Video can be understood as a 2D view of a scene carved into a sequence of slices or frames. These frames are implicitly sampled at a known, regular time interval, and are intended to be played back at a certain number of frames/sec by a display device. However, if they are played back (rendered) at a faster rate, then the action appears faster, but that is a playback artifact, not a property of the video sequence itself.
Motion-Compensated FRC is the process whereby a sequence of input frames is used to generate a new sequence of output frames, but with a different time interval between the output frames compared to the input frames. As a consequence, if a point in time of a desired converted frame does not lie exactly at an input frame time, then a new frame (that never existed in the input sequence) needs to be generated to correspond to that time instant. Objects may have moved from the input frame immediately prior to that time to the input frame immediately following it. Therefore the new frame has to be reconstructed by interpolating where those objects would have appeared had the camera sampled at that same time instant. This process is called Motion Compensated Frame Interpolation (MCFI). This type of interpolation requires true frame-to-frame motion estimation on each pixel in the image, so it is very compute-intensive. The isovideo
Legato/Viarte converter uses MCFI right down to each individual pixel, giving very high quality on complex motion scenes. To be able to do this in realtime, it uses GPU acceleration to perform the computational "heavy lifting".
MCFRC can mitigate an impairment called
motion judder on playback,
which is often caused by a mismatch between the rendered rate sent to the display,
and the display refresh rate. Most playback systems know the display refresh rate,
so when asked to present a sequence at some other rate, they will automatically
duplicate or drop entire input frames (as appropriate) in order to get the desired average displayed frame rate.
A repeated pattern of duplicating or dropping frames is called a playback cadence.
Playback cadence patterns can have repeat frequencies that lie within a sensitive region of our
vision system (about 2Hz to 20Hz), leading to bad visual artifacts.

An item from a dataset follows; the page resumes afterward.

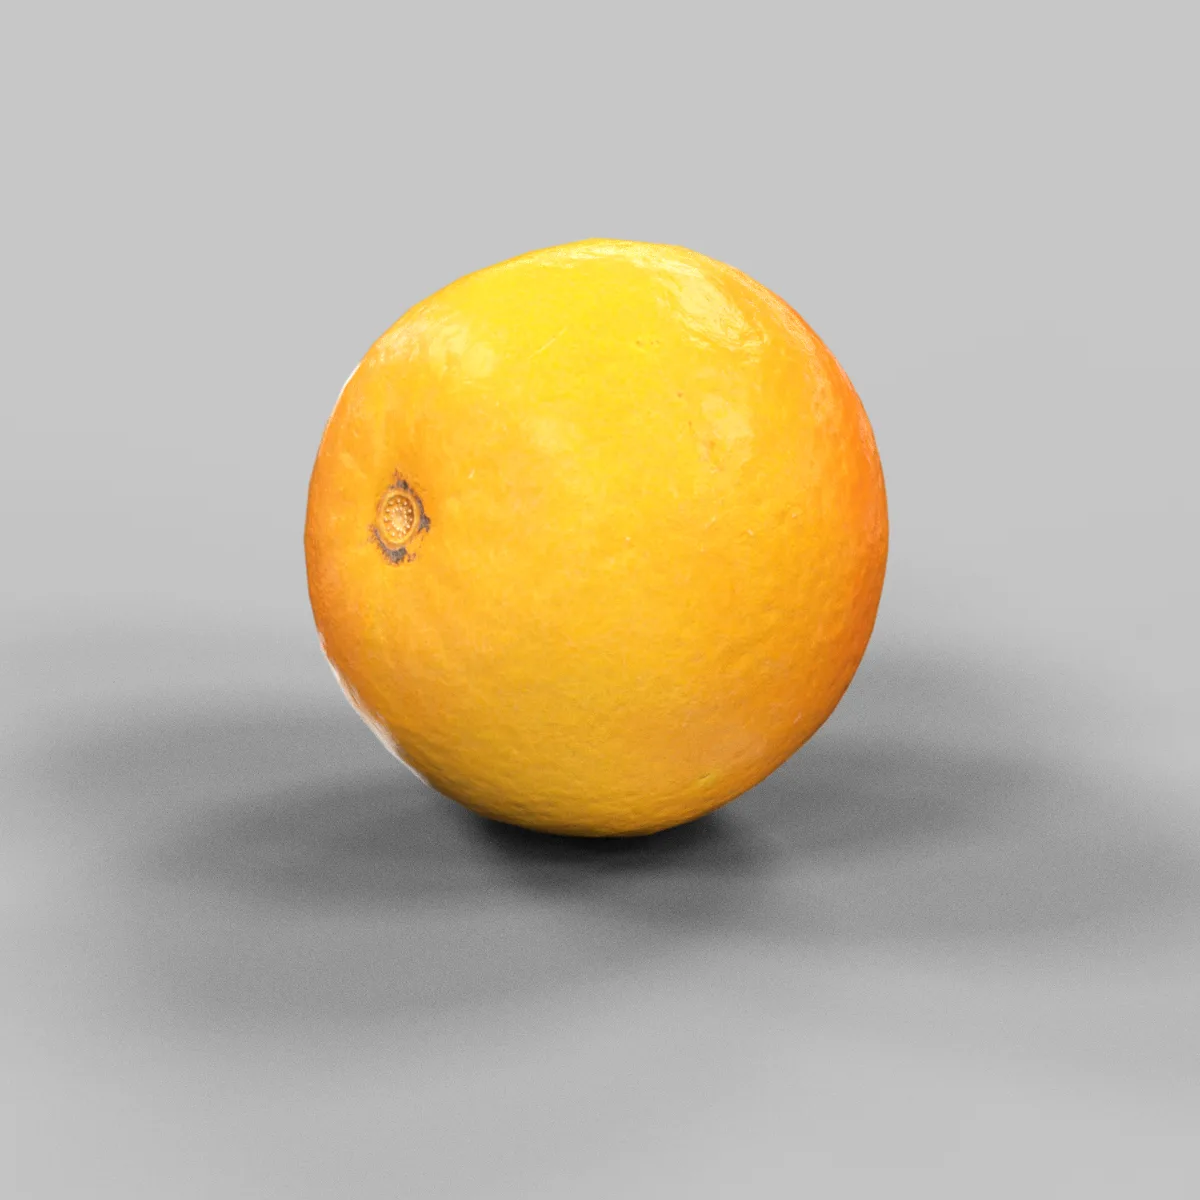 Realistic 3D Scanned Model Collection of 25 Fruits and Vegetables with OBJ Format and 2k JPG Textures
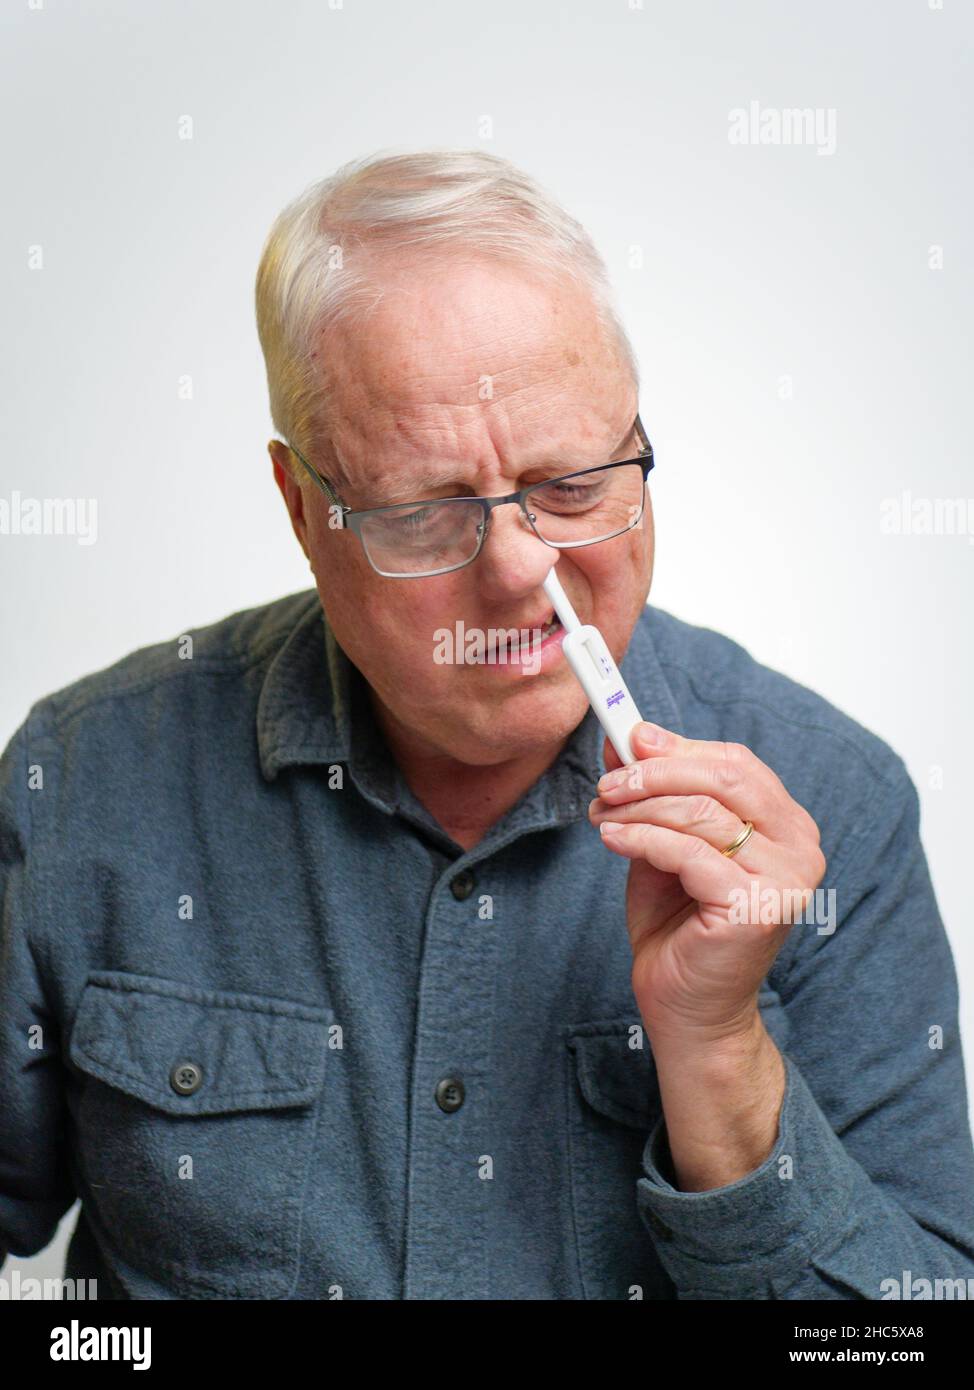 Man swabbing nostril with COVID-19 home antigen test kit. Stock Photo

True frame-rate converters allow the input frame rate to be converted to the display rate,
so playback cadences are no longer required. Frame-rate conversion may introduce
more playback impairments than benefits, so choose your FRC system wisely!
For example, a common problem is displaying 24 FPS sources (e.g. film) on 60 Hz refresh rate progressive display devices. Display systems will replicate frames in an alternating 2:3 cadence (also called a 3:2 pulldown, for historical reasons). Essentially an input frame is shown three times on the display, and then the next input frame is shown twice, and then the pattern is repeated as a cadence. The average number of times each input frame is displayed, as expected, is (3+2)/2 = 2.5 = 60/24. Judder impairments are more visible for large-area motion (e.g. a camera pan) in your field of view.